- [TASK TO CARRY OUT]:
Your answer should be the lines below from the one with "loads of strawberries" to the one with "Аккумуляторный налобный фонарь", both included, given again exactly and with nothing added.

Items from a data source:
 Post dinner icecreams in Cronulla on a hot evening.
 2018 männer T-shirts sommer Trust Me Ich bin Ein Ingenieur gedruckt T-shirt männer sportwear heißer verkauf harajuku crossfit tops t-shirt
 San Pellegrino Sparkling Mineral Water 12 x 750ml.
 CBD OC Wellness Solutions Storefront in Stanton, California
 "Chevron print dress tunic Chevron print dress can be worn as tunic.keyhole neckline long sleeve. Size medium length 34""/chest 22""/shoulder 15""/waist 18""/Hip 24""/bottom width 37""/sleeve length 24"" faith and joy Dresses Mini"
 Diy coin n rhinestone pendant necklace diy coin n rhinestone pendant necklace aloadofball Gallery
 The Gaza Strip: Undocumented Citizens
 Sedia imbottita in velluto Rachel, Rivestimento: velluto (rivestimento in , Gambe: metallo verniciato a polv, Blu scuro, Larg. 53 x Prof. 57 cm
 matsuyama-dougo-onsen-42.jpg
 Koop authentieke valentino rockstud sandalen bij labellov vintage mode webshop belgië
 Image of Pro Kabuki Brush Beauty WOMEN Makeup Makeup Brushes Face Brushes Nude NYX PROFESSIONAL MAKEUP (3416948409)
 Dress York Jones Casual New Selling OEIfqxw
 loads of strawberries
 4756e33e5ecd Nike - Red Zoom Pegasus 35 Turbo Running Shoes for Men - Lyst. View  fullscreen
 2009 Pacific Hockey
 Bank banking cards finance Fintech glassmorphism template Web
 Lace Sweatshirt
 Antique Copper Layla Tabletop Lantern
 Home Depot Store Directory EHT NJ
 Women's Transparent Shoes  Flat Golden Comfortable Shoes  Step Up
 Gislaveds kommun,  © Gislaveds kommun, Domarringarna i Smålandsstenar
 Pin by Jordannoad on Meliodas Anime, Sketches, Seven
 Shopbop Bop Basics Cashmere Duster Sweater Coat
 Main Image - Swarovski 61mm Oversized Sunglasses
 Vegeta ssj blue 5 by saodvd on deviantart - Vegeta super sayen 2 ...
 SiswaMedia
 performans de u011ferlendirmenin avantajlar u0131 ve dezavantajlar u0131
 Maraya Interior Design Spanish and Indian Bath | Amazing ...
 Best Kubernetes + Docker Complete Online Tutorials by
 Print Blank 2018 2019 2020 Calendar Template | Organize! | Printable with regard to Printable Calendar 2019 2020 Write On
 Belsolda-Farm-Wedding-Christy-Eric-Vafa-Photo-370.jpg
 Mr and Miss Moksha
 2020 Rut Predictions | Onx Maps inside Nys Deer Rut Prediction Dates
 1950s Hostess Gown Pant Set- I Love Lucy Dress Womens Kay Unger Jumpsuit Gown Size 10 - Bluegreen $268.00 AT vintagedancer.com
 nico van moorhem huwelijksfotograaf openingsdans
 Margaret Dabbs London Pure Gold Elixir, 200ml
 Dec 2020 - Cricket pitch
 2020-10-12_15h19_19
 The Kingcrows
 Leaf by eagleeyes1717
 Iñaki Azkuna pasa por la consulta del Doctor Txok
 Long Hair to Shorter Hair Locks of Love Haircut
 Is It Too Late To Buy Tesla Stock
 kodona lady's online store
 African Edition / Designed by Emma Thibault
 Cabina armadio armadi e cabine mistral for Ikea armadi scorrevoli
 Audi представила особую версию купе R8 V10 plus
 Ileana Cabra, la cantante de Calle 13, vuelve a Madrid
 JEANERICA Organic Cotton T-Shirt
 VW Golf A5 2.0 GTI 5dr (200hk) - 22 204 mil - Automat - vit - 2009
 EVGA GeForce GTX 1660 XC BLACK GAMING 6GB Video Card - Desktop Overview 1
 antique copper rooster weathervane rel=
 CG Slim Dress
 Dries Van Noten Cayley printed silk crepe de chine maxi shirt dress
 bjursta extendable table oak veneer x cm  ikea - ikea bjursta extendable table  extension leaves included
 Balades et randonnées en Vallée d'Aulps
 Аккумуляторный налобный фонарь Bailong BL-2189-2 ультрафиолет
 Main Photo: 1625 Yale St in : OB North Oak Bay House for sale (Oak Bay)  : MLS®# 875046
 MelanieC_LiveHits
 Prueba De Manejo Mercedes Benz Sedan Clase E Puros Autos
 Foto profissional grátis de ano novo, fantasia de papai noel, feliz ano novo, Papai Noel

- [EXPECTED ANSWER]:
 loads of strawberries
 4756e33e5ecd Nike - Red Zoom Pegasus 35 Turbo Running Shoes for Men - Lyst. View  fullscreen
 2009 Pacific Hockey
 Bank banking cards finance Fintech glassmorphism template Web
 Lace Sweatshirt
 Antique Copper Layla Tabletop Lantern
 Home Depot Store Directory EHT NJ
 Women's Transparent Shoes  Flat Golden Comfortable Shoes  Step Up
 Gislaveds kommun,  © Gislaveds kommun, Domarringarna i Smålandsstenar
 Pin by Jordannoad on Meliodas Anime, Sketches, Seven
 Shopbop Bop Basics Cashmere Duster Sweater Coat
 Main Image - Swarovski 61mm Oversized Sunglasses
 Vegeta ssj blue 5 by saodvd on deviantart - Vegeta super sayen 2 ...
 SiswaMedia
 performans de u011ferlendirmenin avantajlar u0131 ve dezavantajlar u0131
 Maraya Interior Design Spanish and Indian Bath | Amazing ...
 Best Kubernetes + Docker Complete Online Tutorials by
 Print Blank 2018 2019 2020 Calendar Template | Organize! | Printable with regard to Printable Calendar 2019 2020 Write On
 Belsolda-Farm-Wedding-Christy-Eric-Vafa-Photo-370.jpg
 Mr and Miss Moksha
 2020 Rut Predictions | Onx Maps inside Nys Deer Rut Prediction Dates
 1950s Hostess Gown Pant Set- I Love Lucy Dress Womens Kay Unger Jumpsuit Gown Size 10 - Bluegreen $268.00 AT vintagedancer.com
 nico van moorhem huwelijksfotograaf openingsdans
 Margaret Dabbs London Pure Gold Elixir, 200ml
 Dec 2020 - Cricket pitch
 2020-10-12_15h19_19
 The Kingcrows
 Leaf by eagleeyes1717
 Iñaki Azkuna pasa por la consulta del Doctor Txok
 Long Hair to Shorter Hair Locks of Love Haircut
 Is It Too Late To Buy Tesla Stock
 kodona lady's online store
 African Edition / Designed by Emma Thibault
 Cabina armadio armadi e cabine mistral for Ikea armadi scorrevoli
 Audi представила особую версию купе R8 V10 plus
 Ileana Cabra, la cantante de Calle 13, vuelve a Madrid
 JEANERICA Organic Cotton T-Shirt
 VW Golf A5 2.0 GTI 5dr (200hk) - 22 204 mil - Automat - vit - 2009
 EVGA GeForce GTX 1660 XC BLACK GAMING 6GB Video Card - Desktop Overview 1
 antique copper rooster weathervane rel=
 CG Slim Dress
 Dries Van Noten Cayley printed silk crepe de chine maxi shirt dress
 bjursta extendable table oak veneer x cm  ikea - ikea bjursta extendable table  extension leaves included
 Balades et randonnées en Vallée d'Aulps
 Аккумуляторный налобный фонарь Bailong BL-2189-2 ультрафиолет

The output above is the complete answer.